If you could give me some clues as to what program and syntax to use, that would be helpful. I know since it's unique you might have a hard time coming up with an exact answer. If my question is too complicated, maybe someone could show me how to do actions on an ls of files in a dir.


For the most basic 'foreach' there is xargs, it reads some parameters and append them to some other command line. For example you may try:

> cut -d: -f1 /etc/passwd | xargs -n1 echo user:

Note that you should pass a -d'\n' argument to xargs in the case usernames could contain space characters. To append all¹ parameters to the same command use:

> cut -d: -f1 /etc/passwd | xargs echo users:

For more general loops, you can use this:

> cut -d: -f1 /etc/passwd | while read i; do echo $i; done

This time, $i can be placed anywhere in a sequence of one or more commands. Inputs are read one line at a time, and stored in the variable i.
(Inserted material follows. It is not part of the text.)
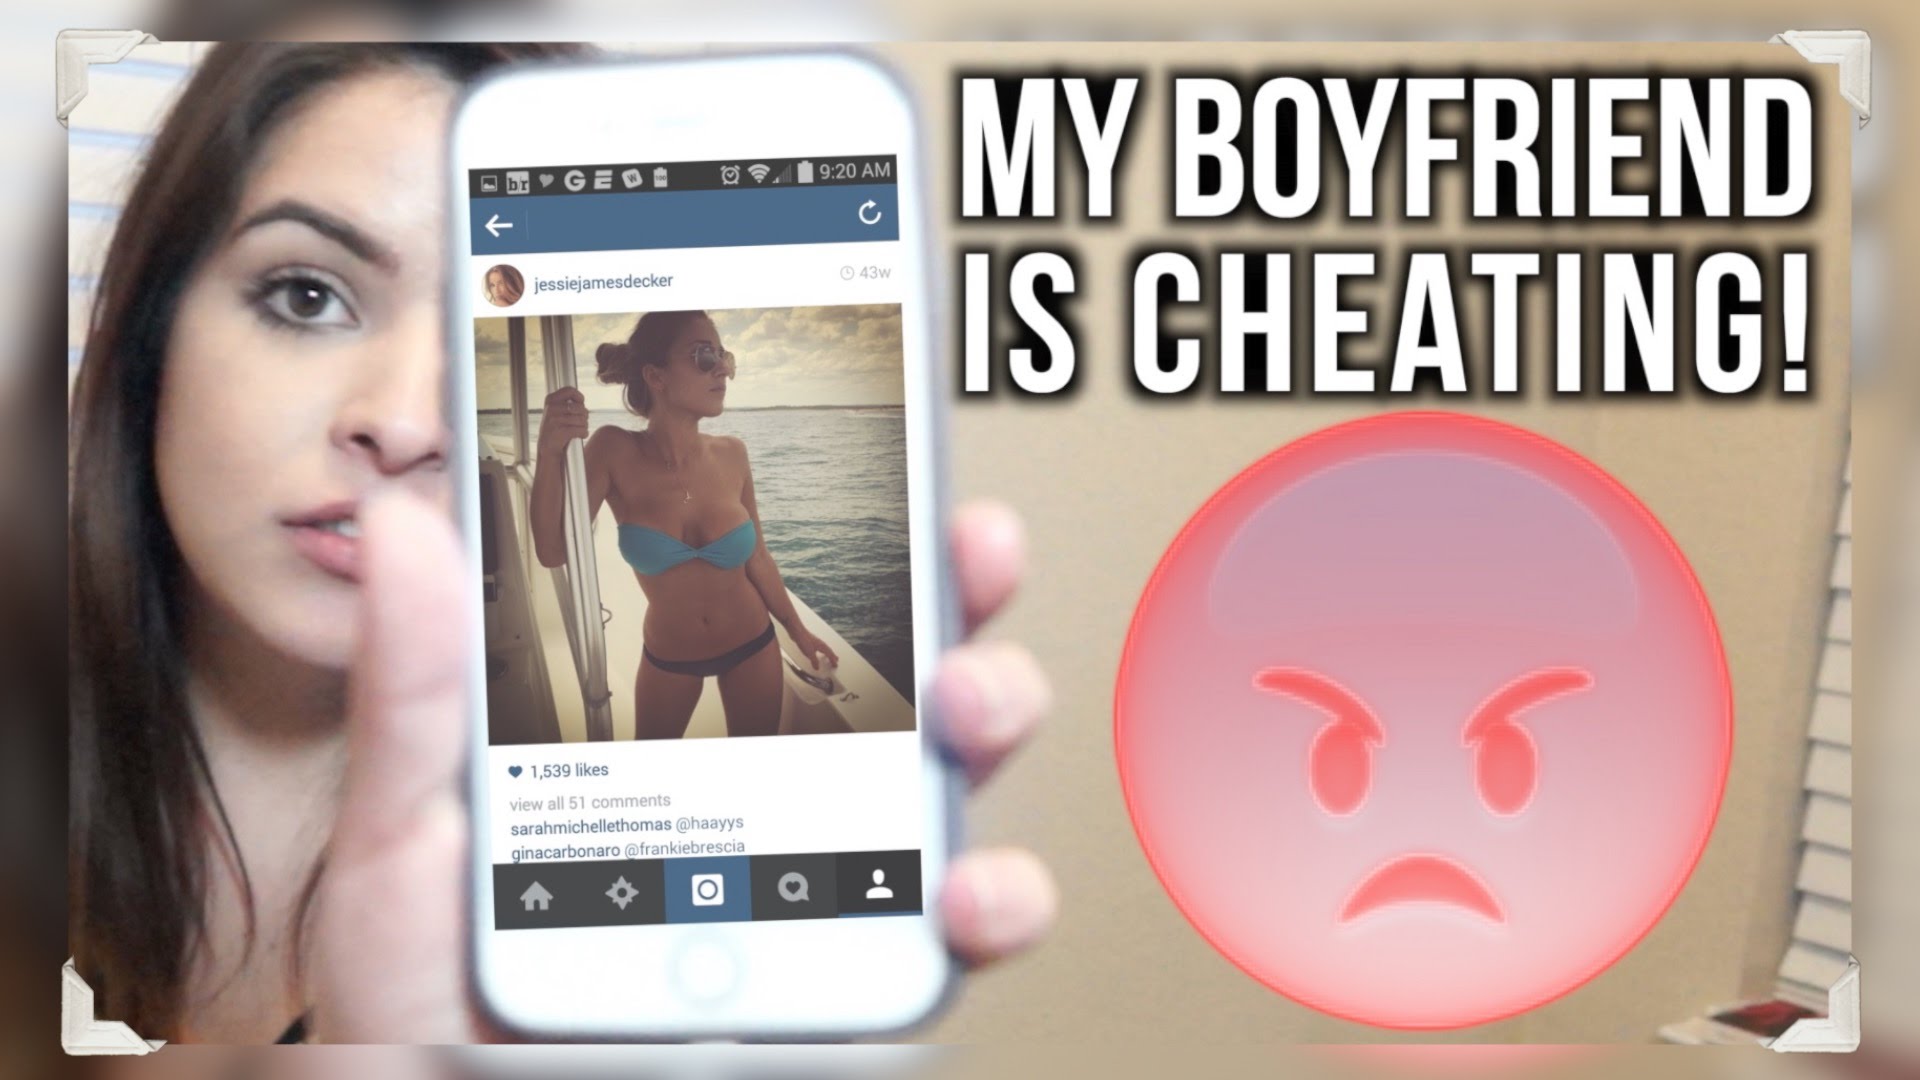 26 Signs He's Cheating On You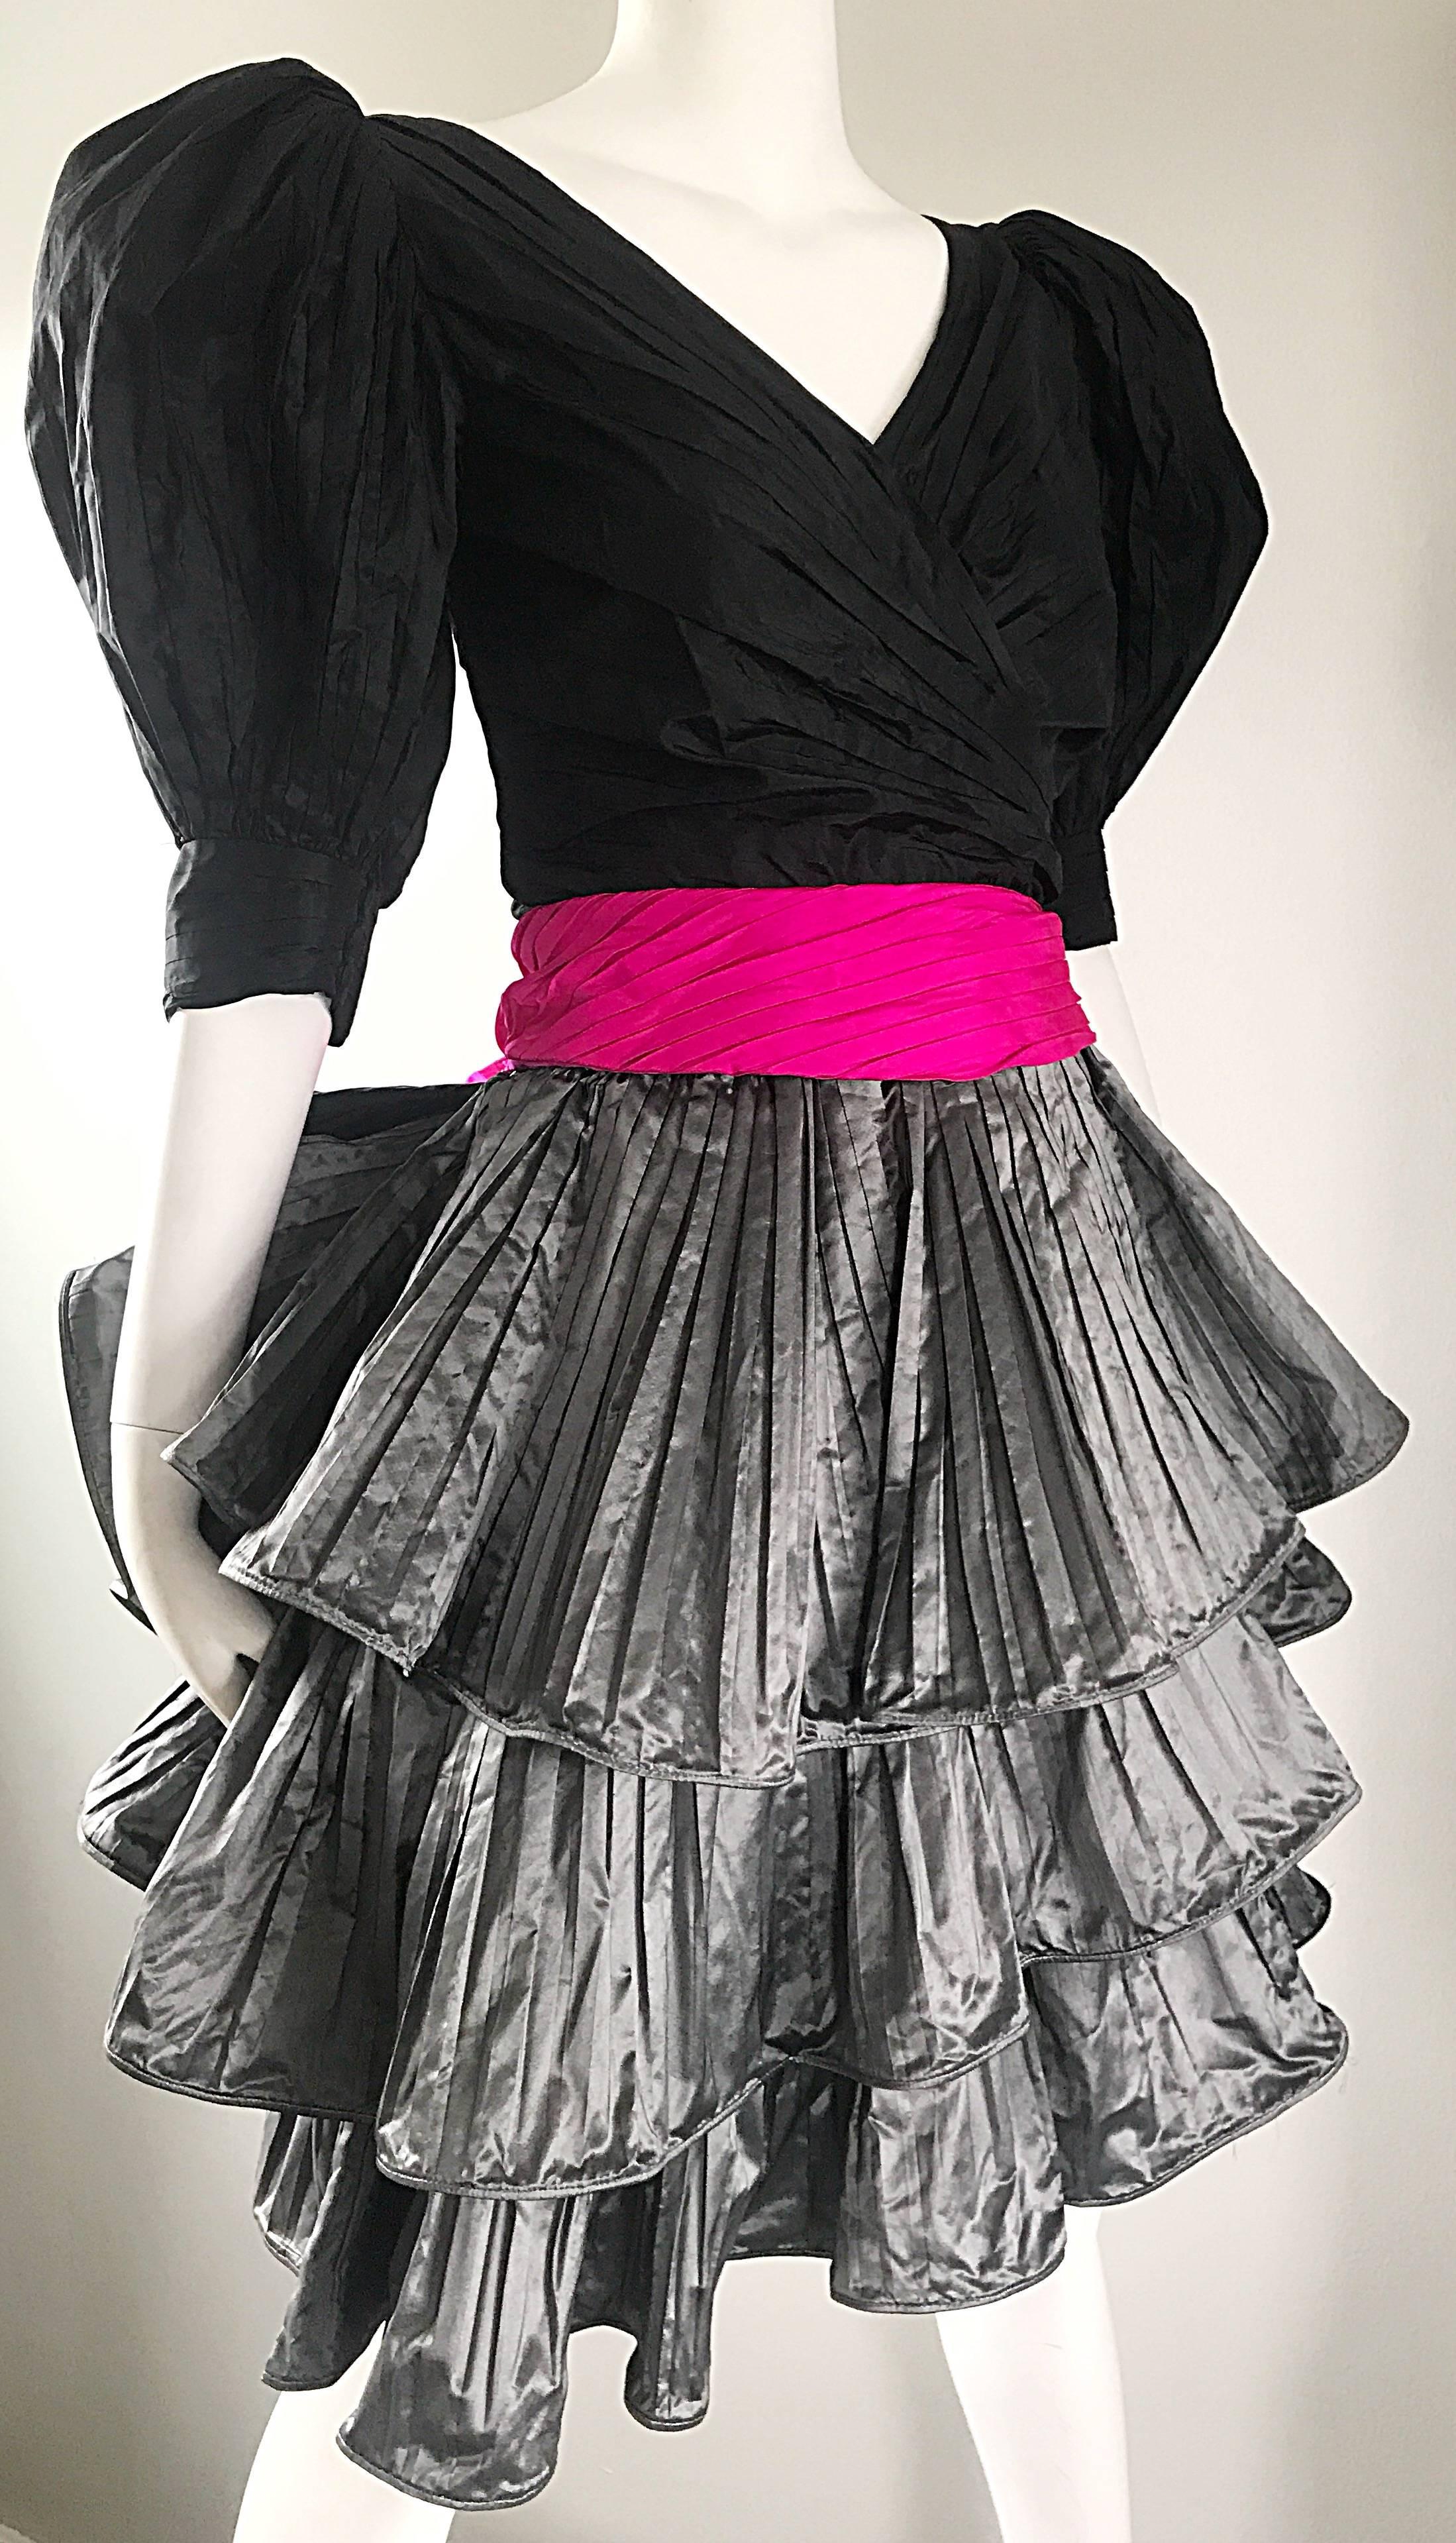 I980s Vintage Paul Louis Orrier Couture Avant Garde Taffeta 80s Cocktail Dress In Excellent Condition For Sale In San Diego, CA

It is also possible to split² the line and store it in several variables:

> cut -d: -f1,6 /etc/passwd --output-delimiter=' ' | \
  while read i j; do echo home directory of user $i is $j; done

Note that for loops over raw filenames, the following is better (see comments):

> for i in *.txt; do echo file: $i; done

1. More precisely: as many as the system will allow.
2. According to the IFS variable

  • 1
    In your case, since the pkg_deinstall command allows multiple arguments, a simple pkg_info | grep proto | sed 's/([a-z0-9])./\1/' | xargs pkg_deinstall should be enough. Jul 29 '11 at 17:16
  • Yes, this is what I needed. I got it working. Thank you very much!
    – EhevuTov
    Jul 29 '11 at 17:18
  • 2
    Parsing the output of ls to act on files is to be avoided. Use shell globing such as for file in *; do [...] done or find -exec instead. In this OP's question they already have a list of packages generated, so piping that into a while read loop is probably fine, but for file names it is not!
    – Caleb
    Jul 29 '11 at 21:51
  • @Caleb it should be ok as long as I do a regex with sed right?
    – EhevuTov
    Jul 29 '11 at 22:46
  • @Stephane: Why don't you make your comment your answer, avoiding the problematic ls? Jul 30 '11 at 3:16

There are two main ways to convert an output stream into an argument list. The quick (and sometimes dirty) way to do this is with xargs. By default it accepts a standard input stream and runs a command with each line of the input as a separate argument. You should always be careful about the format of the input because spaces and other characters are easy to misinturpret when passed as arguments. Package names, however, are relativly safe. They shouldn't include shell wildcard characters or newlines or anything crazy, so here's what it would look like for your command:[3]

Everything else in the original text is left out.